LOS ANGELES, California (CNN) -- Fans of the NBC series "ER" got bad news last night about one of the show's characters, Dr. Mark Green.

The script has Green discovering he has a brain tumor. Not just any brain tumor but a glioblastoma -- or GBM -- arguably one of the most dangerous tumors anywhere in the body.

He is told he probably has only a few months to live and a nearly impossible choice -- fight those odds or give in.

Dr. Mark Morocco, writer and medical adviser for the show, wanted to give ER's millions of viewers a glimpse of what a brain tumor patient goes through. "They'll get some real idea of what the experience is like for the character, for his wife, for his children," he says.

Dr. Green decides to fight. The show has him undergoing brain surgery, while awake, and has him getting wafers full of chemotherapy drugs placed directly in his brain. And he uses a futuristic contraption called a gamma knife.

"We've actually built sort of a hybrid machine that involves parts and bits and pieces of the different kids of gamma knife machines as you may know," Morocco says during a tour of the "ER" set.

All very real therapies for a very fictional television start. But what's it like in real life?

"I think it rings true in the fact that, yes indeed, this guy has probably suffered more than anybody else on that show gets stuck with something nobody experts, and that would indeed be a brain tumor," says brain tumor patient Dr. David Pickrell, a dentist.

pickerell
Doctors told Pickerell his brain tumor should be 'tackled' right away.  

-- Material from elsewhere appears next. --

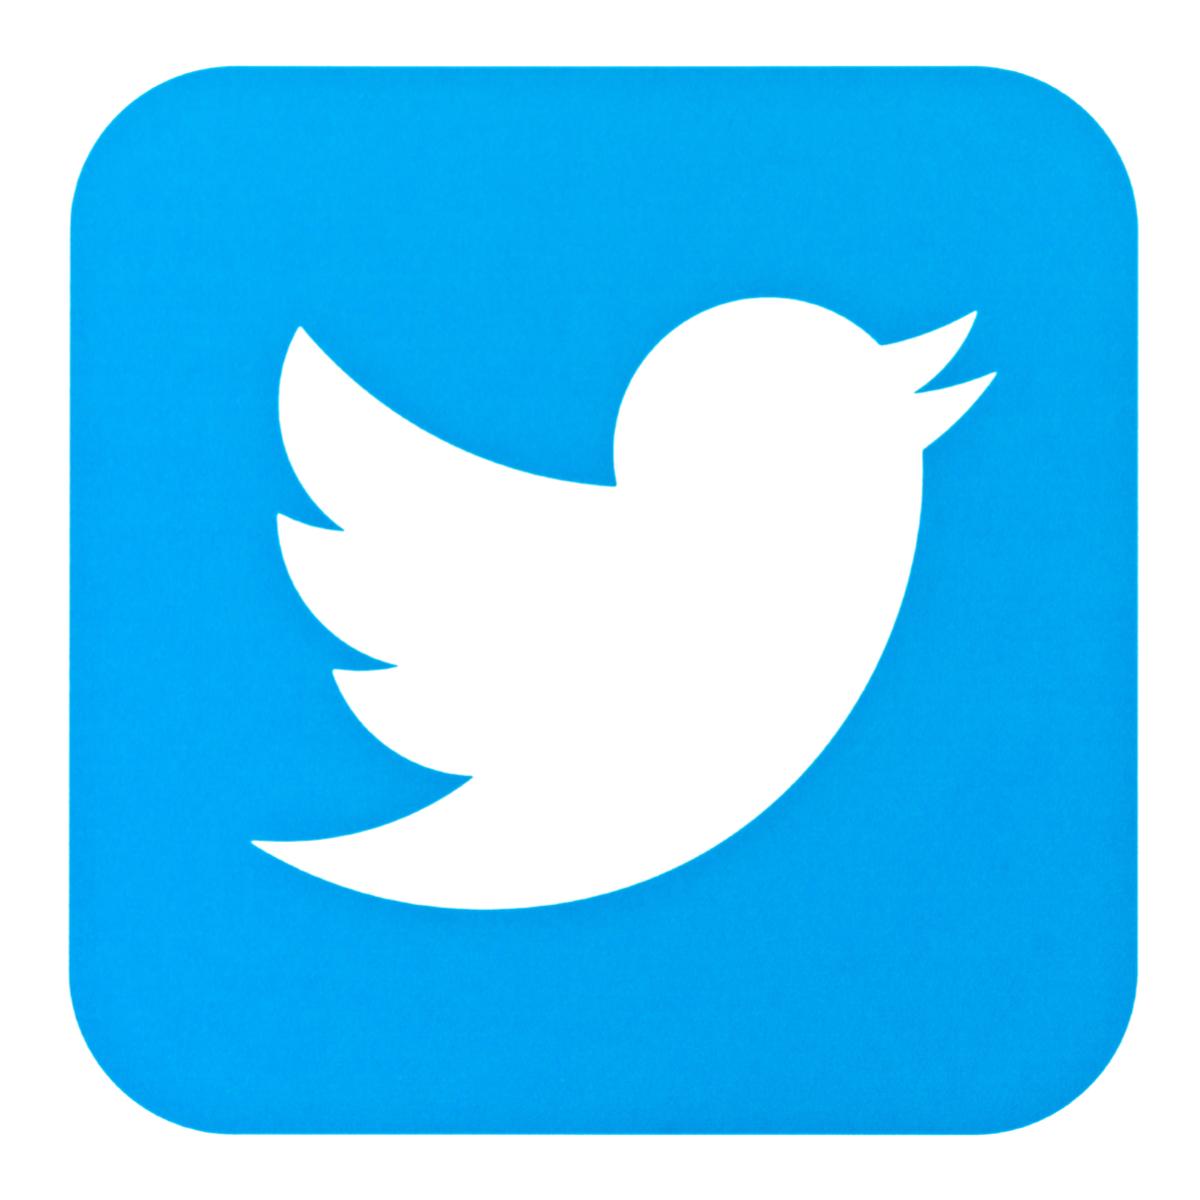 Twitter Bild
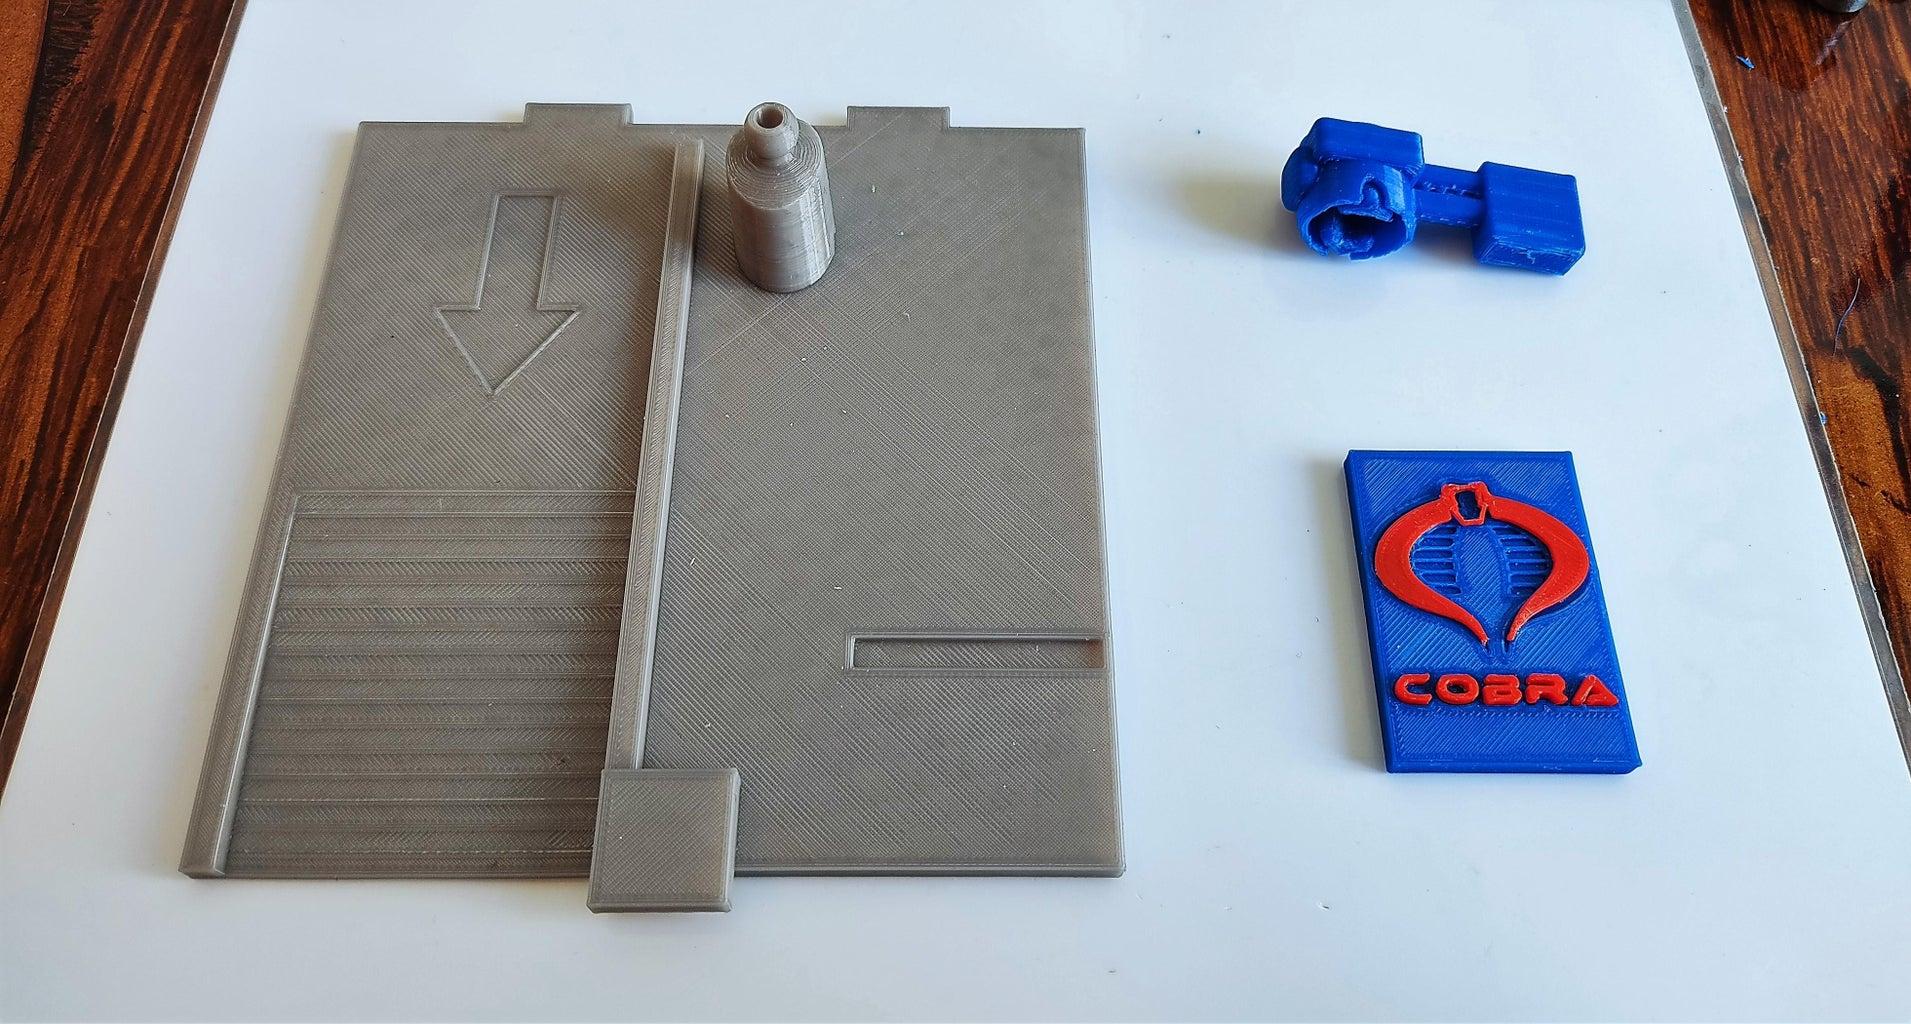 建筑平台3:标志与武器

You can't tell by just looking at him, but Pickrell was diagnosed with a malignant brain tumor just a few months ago.

"I was having headaches, nonstop every day for about two weeks," recounts Pickrell. "I thought it was sinus, but there was no bleeding, there was nothing. I was like, ok, this is too weird. And I started not being able to fill out patient's charts."

He realized he needed a doctor. "He called me back and said, 'You've got a brain tumor, you need to pack a bag and come back tomorrow'," Pickrell says.

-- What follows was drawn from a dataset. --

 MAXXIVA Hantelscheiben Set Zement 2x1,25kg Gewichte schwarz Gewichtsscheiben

The first step was open surgery. Pickrell was awakened at times during the procedure to have his abilities tested. Seven weeks of standard radiation therapy followed.

The tumor returned -- not unusual, according to Dr. Keith Black, a neurosurgeon at Cedars-Sinai Medical Center in Los Angeles. "Almost all of these patients will, at some point, recur. And that recurrence can range anywhere from nine months to two or three years," he says. "When they do recur, the options are either a repeat operation, or radiosurgery with the x-knife or gamma knife."

The radiosurgery was Pickrell's choice.

He had a frame placed on his head using screws which penetrated through deadened skin into his skull. A machine swirled around him, aiming radiation at his tumor, while sparing surrounding brain tissue.

It's a technology that can essentially focus radiation precisely to tissue and get the dose of radiation high enough to destroy it without the need to actually operate and cut the tumor out.

ER's character Green will have his future written for him. But for Pickerell and other real patients, the future is uncertain. Radiosurgery gives them a way to fight and reason to have hope.